I got lists of coordinates in the csv file(please click the pic). How should I convert them to polygons in GeoDataFrame?
Below is the coordinates of one polygon and I have thousands rows of this.
[118.103198,24.527338],[118.103224,24.527373],[118.103236,24.527366],[118.103209,24.527331],[118.103198,24.527338]
I tried the following codes:
def bike_fence_format(s):
s = s.replace('[', '').replace(']', '').split(',')
return s
df['FENCE_LOC'] = df['FENCE_LOC'].apply(bike_fence_format)
df['LAT'] = df['FENCE_LOC'].apply(lambda x: x[1::2])
df['LON'] = df['FENCE_LOC'].apply(lambda x: x[::2])
df['geom'] = Polygon(zip(df['LON'].astype(str),df['LAT'].astype(str)))
But I failed in the last step, since df['LON'] returns 'series' not 'string' type.

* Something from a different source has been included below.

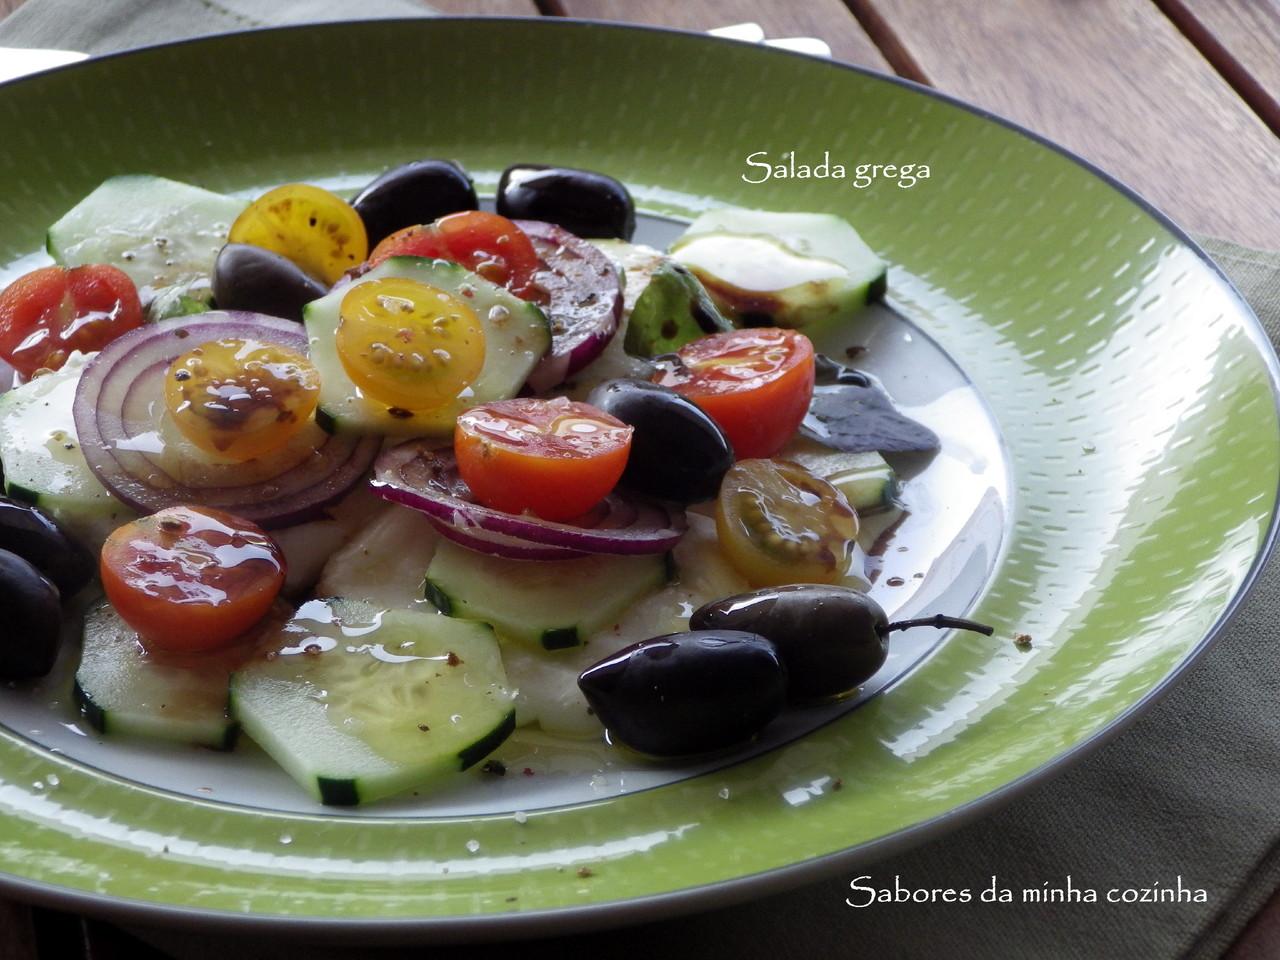 IMGP5021-Salada grega-Blog.JPG

How should I get over this problem? It's better if there is an easier way to achieve my goal.
Recreated a sample df of what your .csv file would give (depending on how your read it in with .read_csv()).
import pandas as pd
import geopandas as gpd
df = pd.DataFrame({'FENCE_LOC': ['[32250,175889],[33913,180757],[29909,182124],[28246,177257],[32250,175889]',
'[32250,175889],[33913,180757],[29909,182124],[28246,177257],[32250,175889]',
'[32250,175889],[33913,180757],[29909,182124],[28246,177257],[32250,175889]']}, index=[0, 1, 2])
Modified your function slightly because we want numeric values, not strings
def bike_fence_format(s):
s = s.replace('[', '').replace(']', '').split(',')
s = [float(x) for x in s]
return s
df['FENCE_LOC'] = df['FENCE_LOC'].apply(bike_fence_format)

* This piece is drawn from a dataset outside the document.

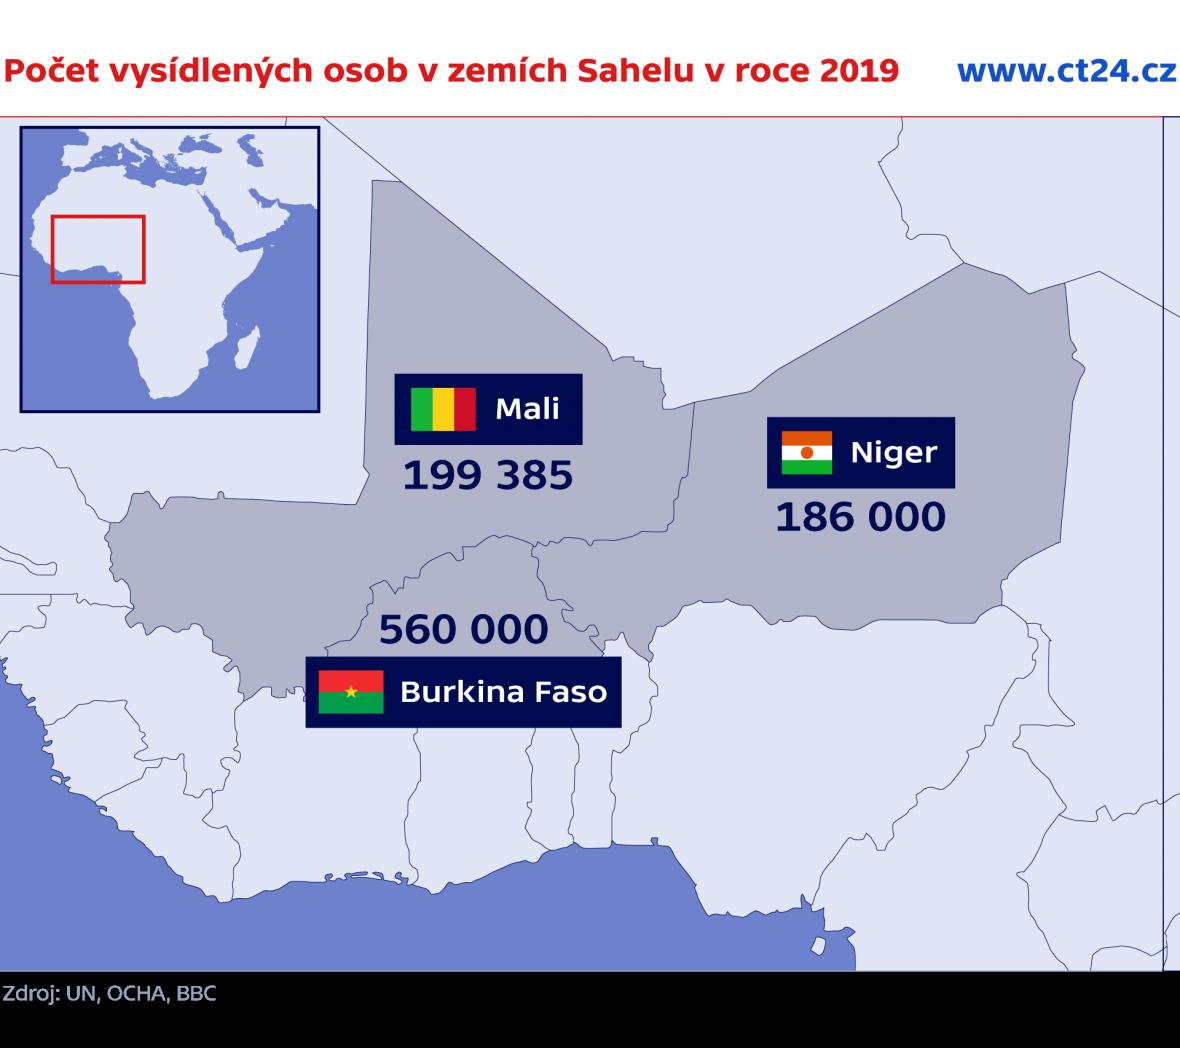 Počet vysídlených osob v zemích Sahelu v roce 2019

df['LAT'] = df['FENCE_LOC'].apply(lambda x: x[1::2])
df['LON'] = df['FENCE_LOC'].apply(lambda x: x[::2])
We can use some list comprehensions to build a list of Shapely polygons.
geom_list = [(x, y) for x, y in zip(df['LON'],df['LAT'])]
geom_list_2 = [Polygon(tuple(zip(x, y))) for x, y in geom_list]
Finally, we can create a gdf using our list of Shapely polygons.
polygon_gdf = gpd.GeoDataFrame(geometry=geom_list_2)
To make available a small representative dataset similar to what the OP posts as an image, I create this rows of data (sorry for too many decimal digits):
[[-2247824.100899419,-4996167.43201861],[-2247824.100899419,-4996067.43201861],[-2247724.100899419,-4996067.43201861],[-2247724.100899419,-4996167.43201861],[-2247824.100899419,-4996167.43201861]]
[[-2247724.100899419,-4996167.43201861],[-2247724.100899419,-4996067.43201861],[-2247624.100899419,-4996067.43201861],[-2247624.100899419,-4996167.43201861],[-2247724.100899419,-4996167.43201861]]
[[-2247624.100899419,-4996167.43201861],[-2247624.100899419,-4996067.43201861],[-2247524.100899419,-4996067.43201861],[-2247524.100899419,-4996167.43201861],[-2247624.100899419,-4996167.43201861]]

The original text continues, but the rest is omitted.